Егорычев и Ситников приехали в три. Длинный, густой гул их мотора слышался издалека, и Георгий заранее вышел на мысок, тяжело скрипел сапогами по гальке. Как только «казанка» выметнулась из-за поворота, Георгий понял, что едут они пустые, — лодка шла легко, высоко задрав нос. И действительно, груза оказалось в «казанке» с гулькин нос. Десяток буханок хлеба, три банки солянки, папиросы и канистры с бензином.
— Ну что случилось? — угрюмо бросил Георгий.

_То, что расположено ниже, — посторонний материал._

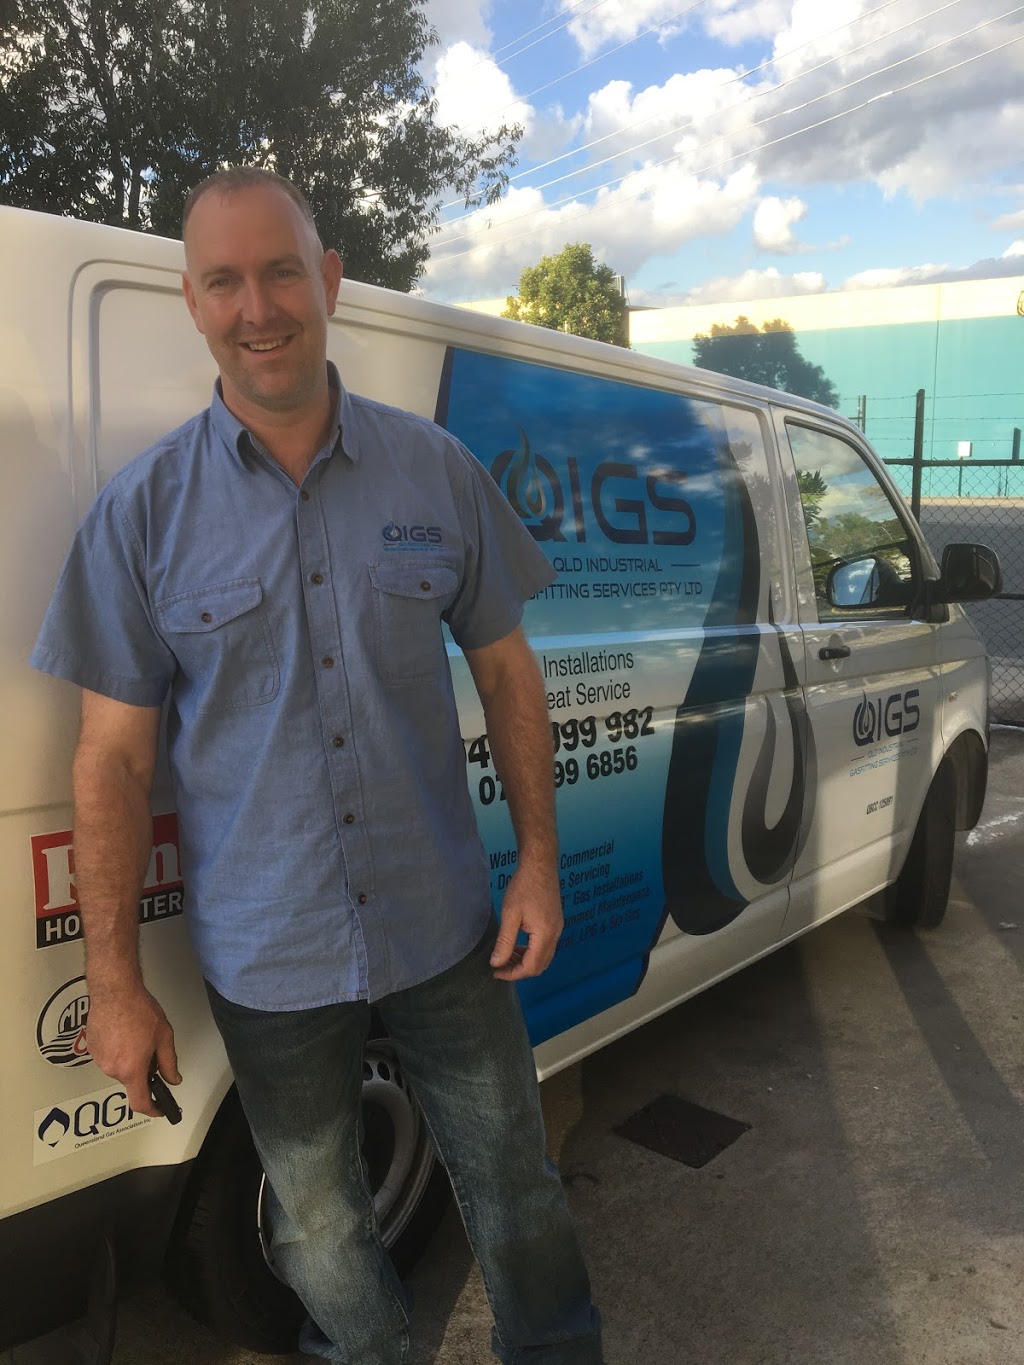 Qld Industrial Gasfitting Services Pty Ltd | plumber | Unit 2/54-58 Nealdon Dr, Meadowbrook QLD 4131, Australia | 0732996856 OR +61 7 3299 6856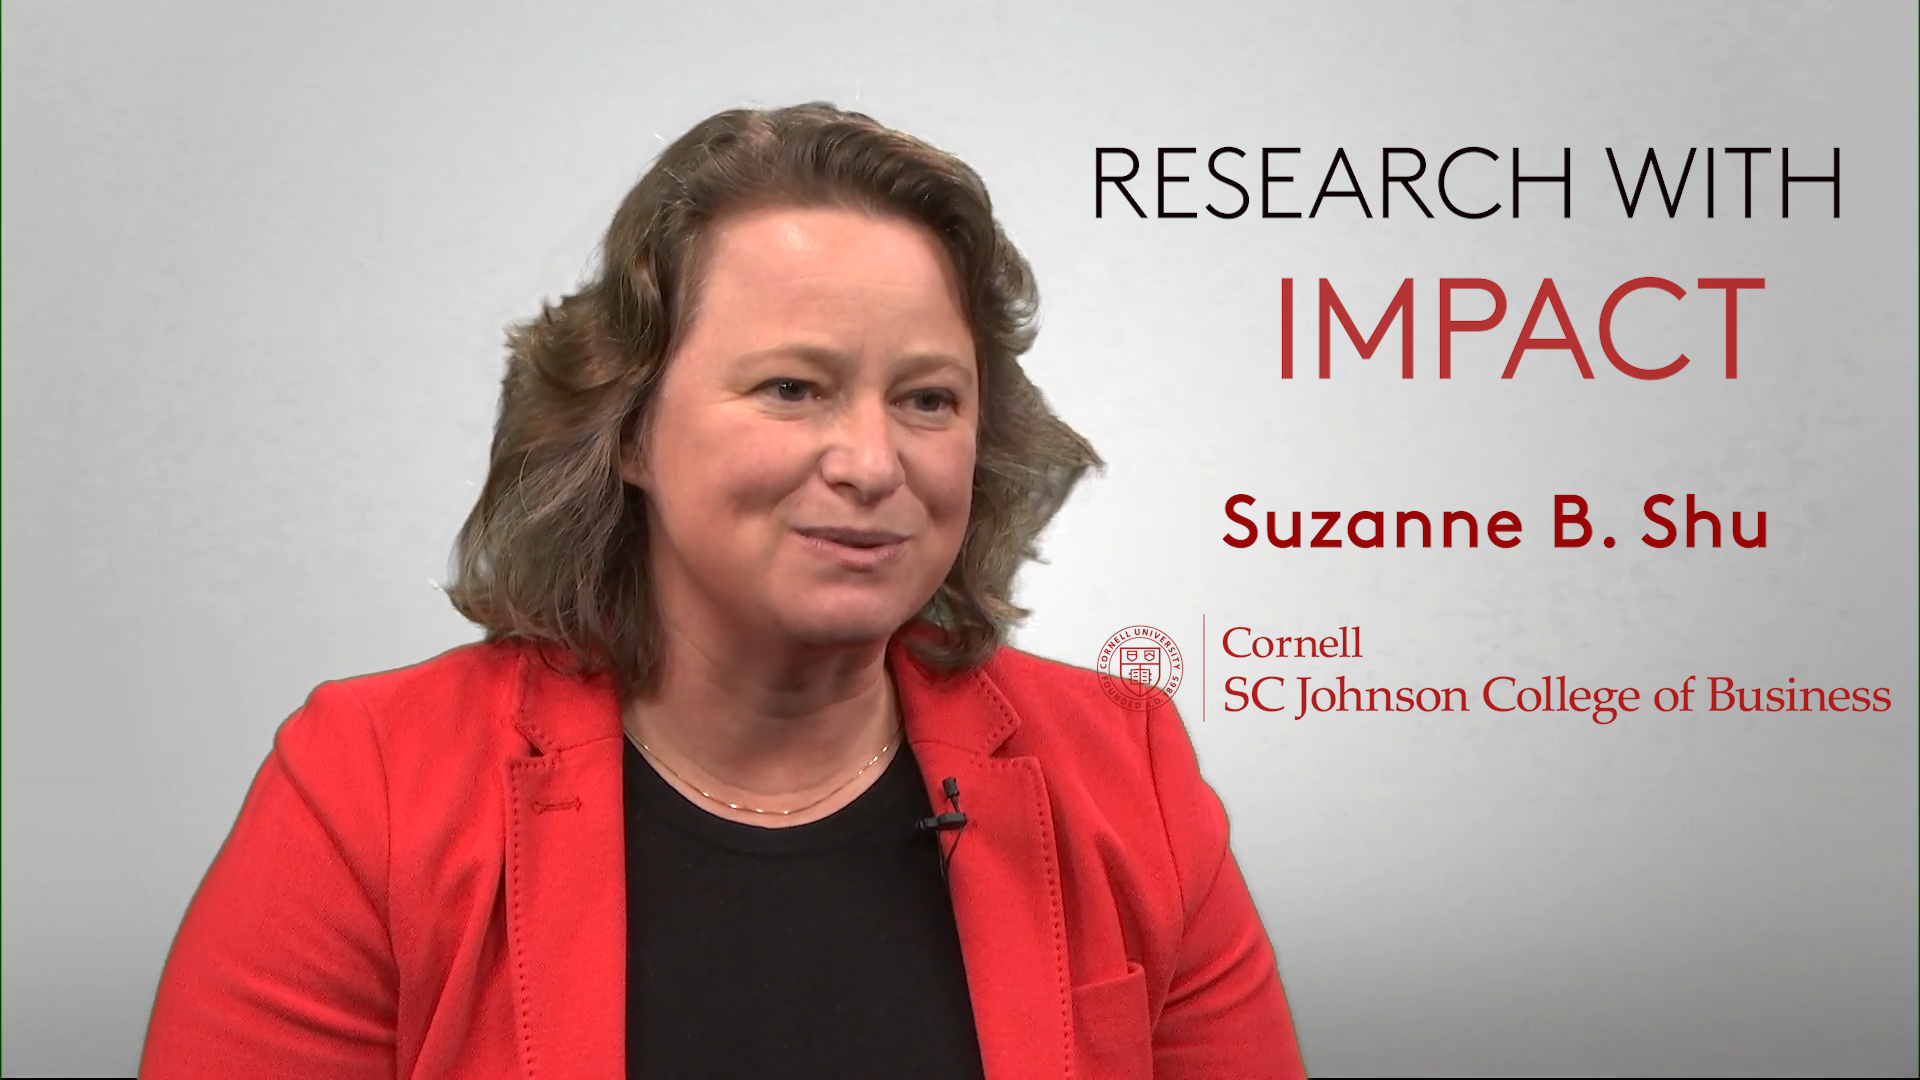 Suzanne Shu on the Research With Impact video series

— А то, — зло отозвался Егорычев, — что деньги на ваш счет не перевели, а без них эта жирная сучка ничего не дает.
Жирной сучкой Егорычев назвал Синькова, заведующего потребкооперацией в Дьякове. Когда-то Георгий поскандалил с ним, и тот, конечно, теперь не мог упустить случая отомстить, хотя вполне мог бы дать в долг, дело это обычное, все-таки геологическая партия не частная лавочка, деньги все равно будут перечислены, наверняка какая-нибудь канцелярская закавыка.
— Та-ак… — протянул Георгий. — Все?
— А что еще? — огрызнулся Егорычев. — Мы и добром просили, и лаялись — ни в какую.
Все молча ждали, что скажет Георгий. Он обвел их хмурым взглядом. На него старались не смотреть, на лицах у всех было показное равнодушное ожидание — ты начальник, тебе и решать. Но Георгий видел, что все ждут только одного — команды сниматься и сплавляться в Дьяково. А он, взглянув на часы, сказал:
— Трофименко и Брагину собрать вещи, поедете со мной. Остальным… — Он чуть помедлил и жестко отчеканил: — Остальным готовиться к маршруту и отдыхать. Я вернусь, самое позднее, послезавтра к двенадцати. Из лагеря никому не отлучаться… Вопросы будут?
— Будут, — сказал Гузняев. — Что мы будем жрать в этом вашем маршруте?
Он с нажимом сказал «вашем», и Георгий в тон ему ответил:
— В этом в а ш е м маршруте в ы будете жрать то, что я привезу в а м из Дьякова… Еще есть вопросы?
Вопросов не было.
— Начальником на время моего отсутствия назначаю Ковалева. Вам, Владимир Сергеевич, — подчеркнуто официально обратился он к Ковалеву, — надлежит проследить, чтобы все спальники были просушены, приборы, одежда и обувь приведены в порядок, палатки починены, оружие вычищено и смазано. Ясно?
— Да сделано уже все, — равнодушно отозвался Ковалев.
Георгий и сам знал, что действительно уже все сделано, но сказал:
— Проверьте еще раз.
И пошел в палатку, стал собираться. Тепло оделся, вывалил все из рюкзака и снова бросил туда кобуру с пистолетом, подосадовав, что так и не вычистил его, запасную смену белья, шерстяные носки, фляжку с остатками спирта, прицепил к поясу ракетницу. Влез в палатку Гоголев, хрипло откашлялся, грузно завозился сзади.
— Ну? — отрывисто бросил Георгий не оборачиваясь.